Data (weighted) were obtained from the 1996/97 Canadian National Population Health Survey—NPHS (n = 66 435), the 1996 US National Health Interview Survey—NHIS (n = 63 402), and the 1996 European Commission Eurobarometer (n = 16 235). Age specific self rated health was assessed using the NPHS and NHIS questions “In general would you say your health is excellent, very good, good, fair, or poor?” In the Eurobarometer, self rated health was assessed with “Over the last 12 months, would you say your health has on the whole been very good, good, fair, bad or very bad?” In our analysis, “poor health” refers to responses of “fair” or “poor” in the NPHS and NHIS and to “bad” or “very bad” in the Eurobarometer. Data for national healthcare expenditures were obtained from the OECD (http://www.oecd.org/health/healthdata).

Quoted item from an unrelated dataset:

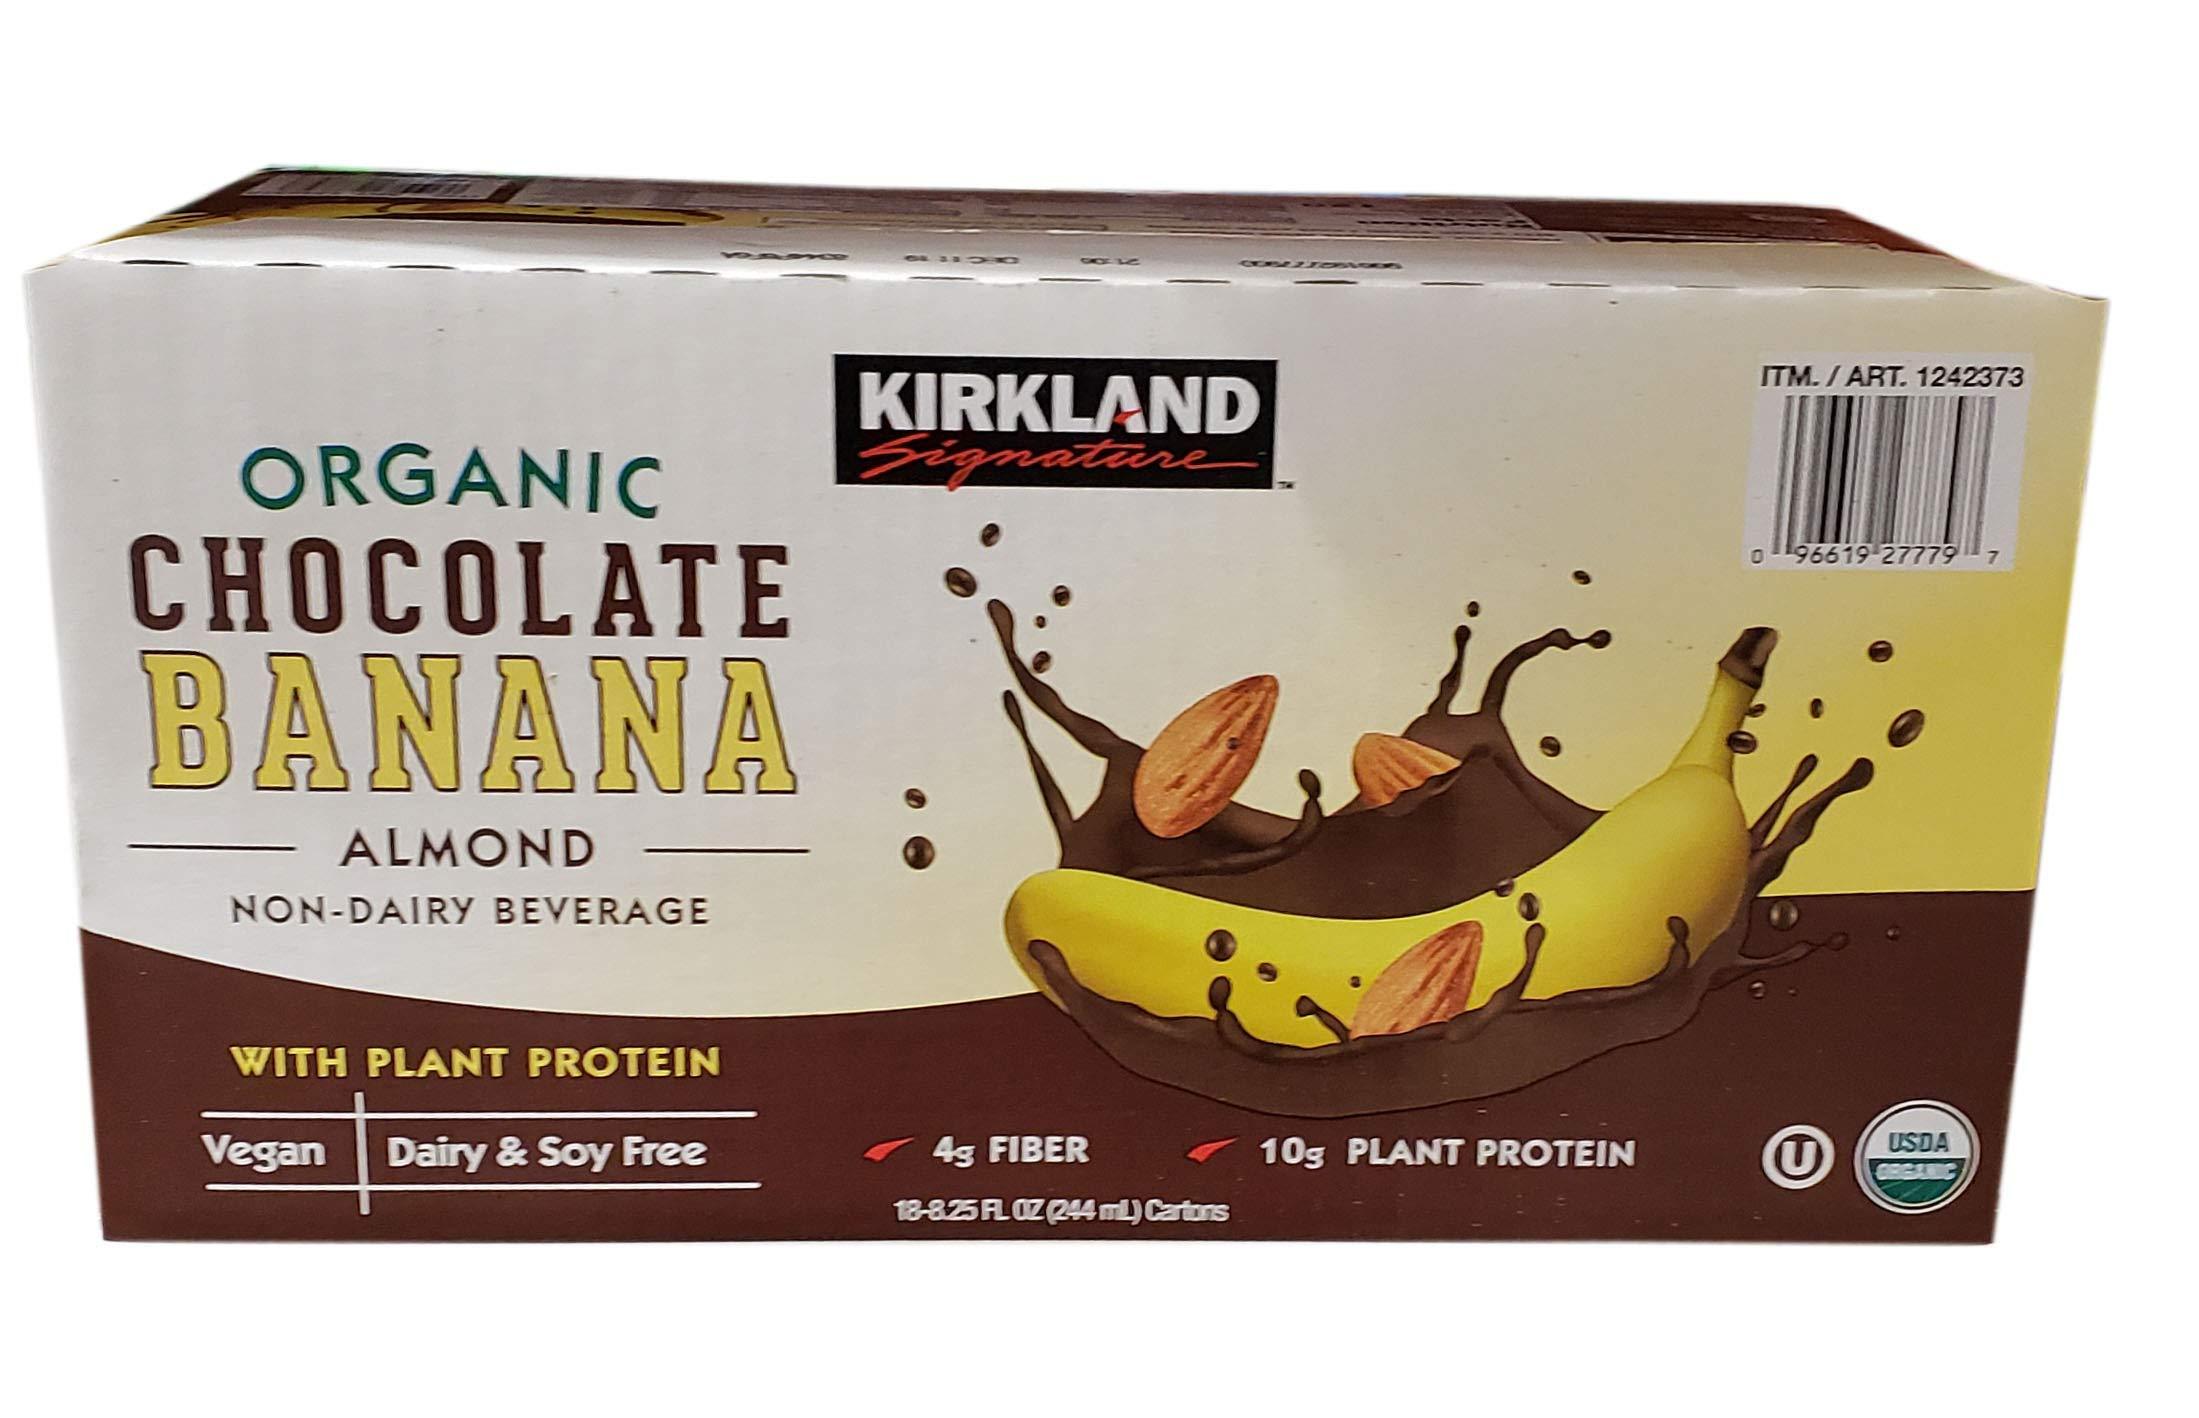 Kirkland Signature Organic Chocolate Banana Almond
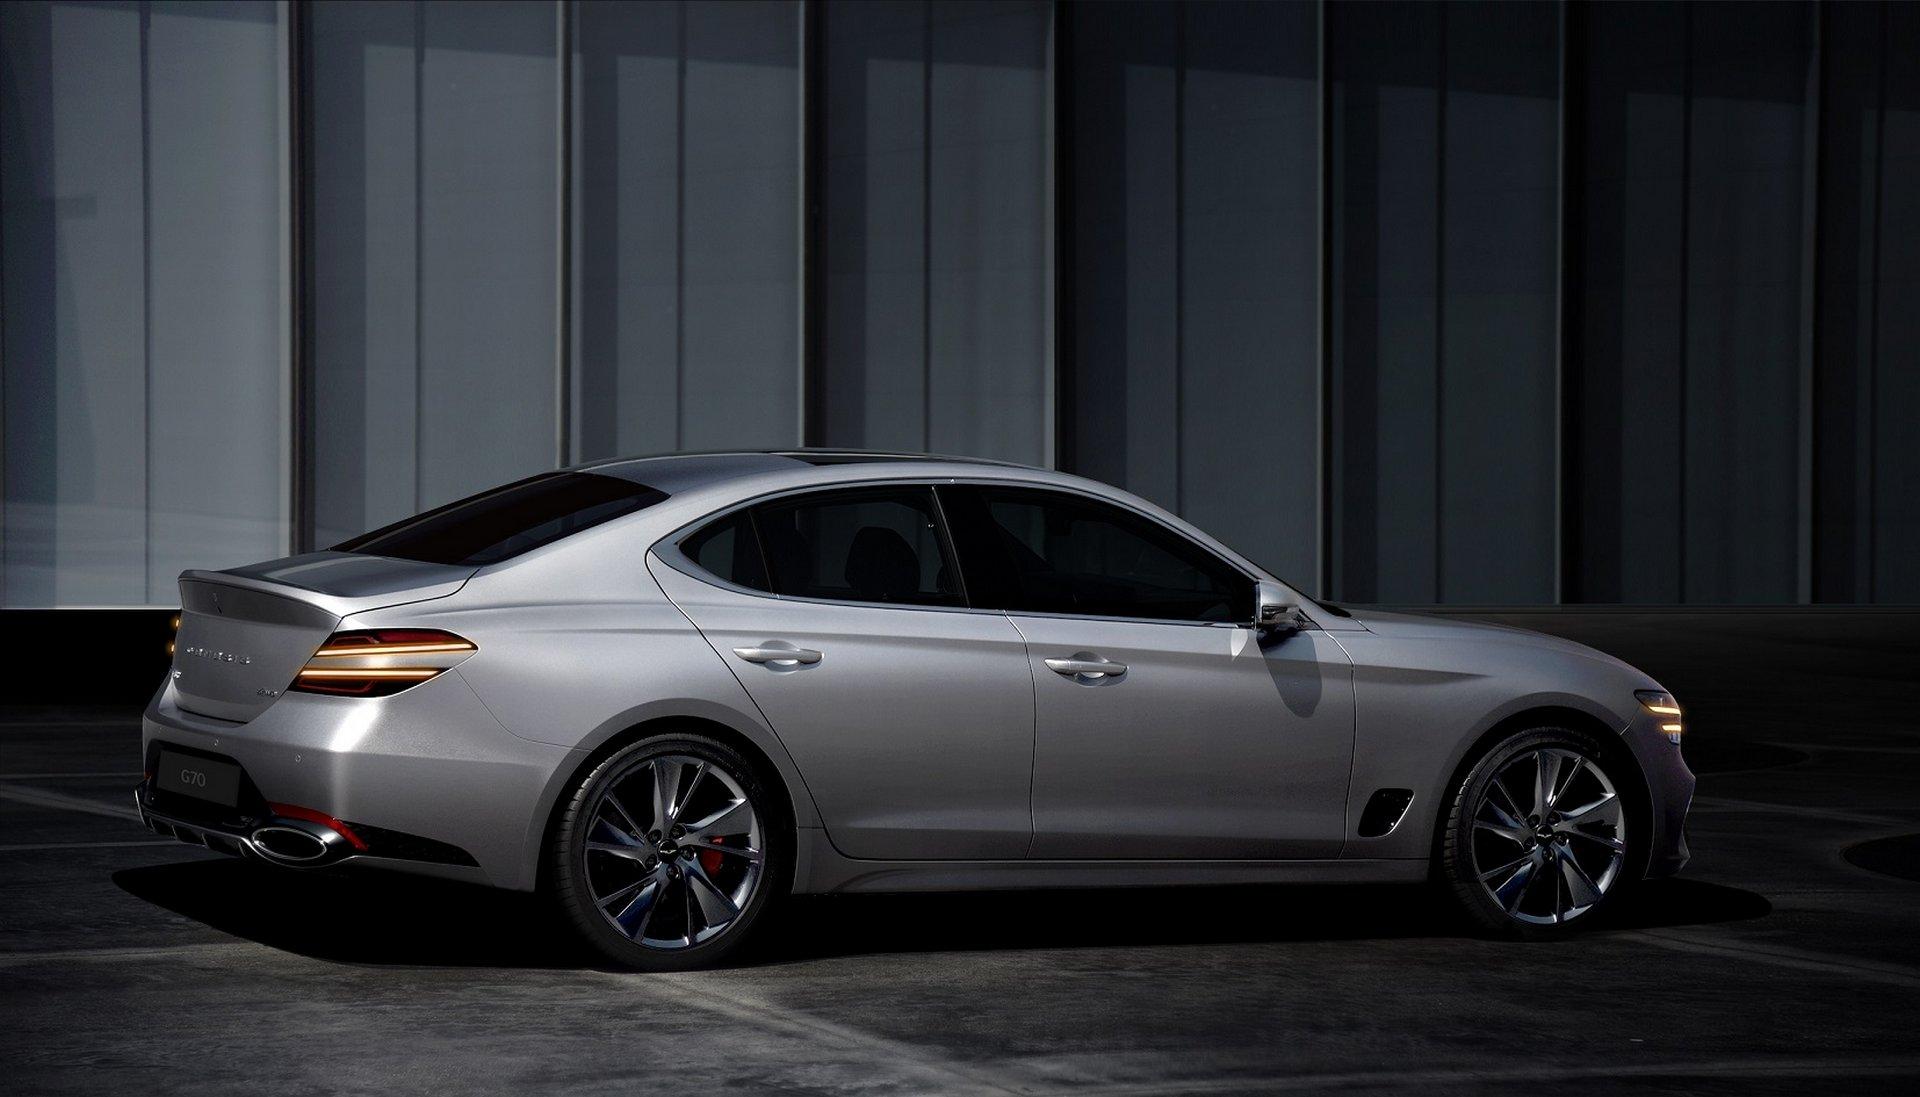 Hyundai Genesis G70 2020 01

Figure 1 shows that the US, Canada, and the European Union (EU-15) differ in terms of the prevalence of poor SRH. While outspending Canada on a per capita basis by 1.8 to 1 and the EU-15 by 2.2 to 1,6 the US had higher prevalences of poor self rated health across the age span.
Overall, Canadians and Europeans spend about half of what Americans spend on health care yet feel better in nearly all age categories. As an approximate significance test for differences in average SRH, we computed t values pooling the standard errors across studies. The results indicated there were no significant differences between samples at the youngest age groups, but for middle age and older groups, beginning with age 30, Americans had significantly (p<0.05) higher prevalence of poor SRH. Interestingly, disparities in SRH seem to increase with advancing age, underscoring the need for better care and more complete coverage across the entire life span.
Our study confirms and complements earlier research indicating that the expensive and technologically advanced healthcare system in the US does not yield population health outcomes (including SRH) comparable to those in countries with much lower spending whether measured per capita or as a percentage of gross domestic product (GDP).2,3,7 Unequal and uncoordinated provision of care along with other inefficiencies in the US health system7 may explain why Americans spend more but feel worse.
Eurobarometer and National Health Interview Survey data were made available through the Inter-university Consortium for Political and Social Research. All computations on the National Population Health Survey were prepared by Portland State University, and the responsibility for the use and interpretation of these data is entirely that of the authors.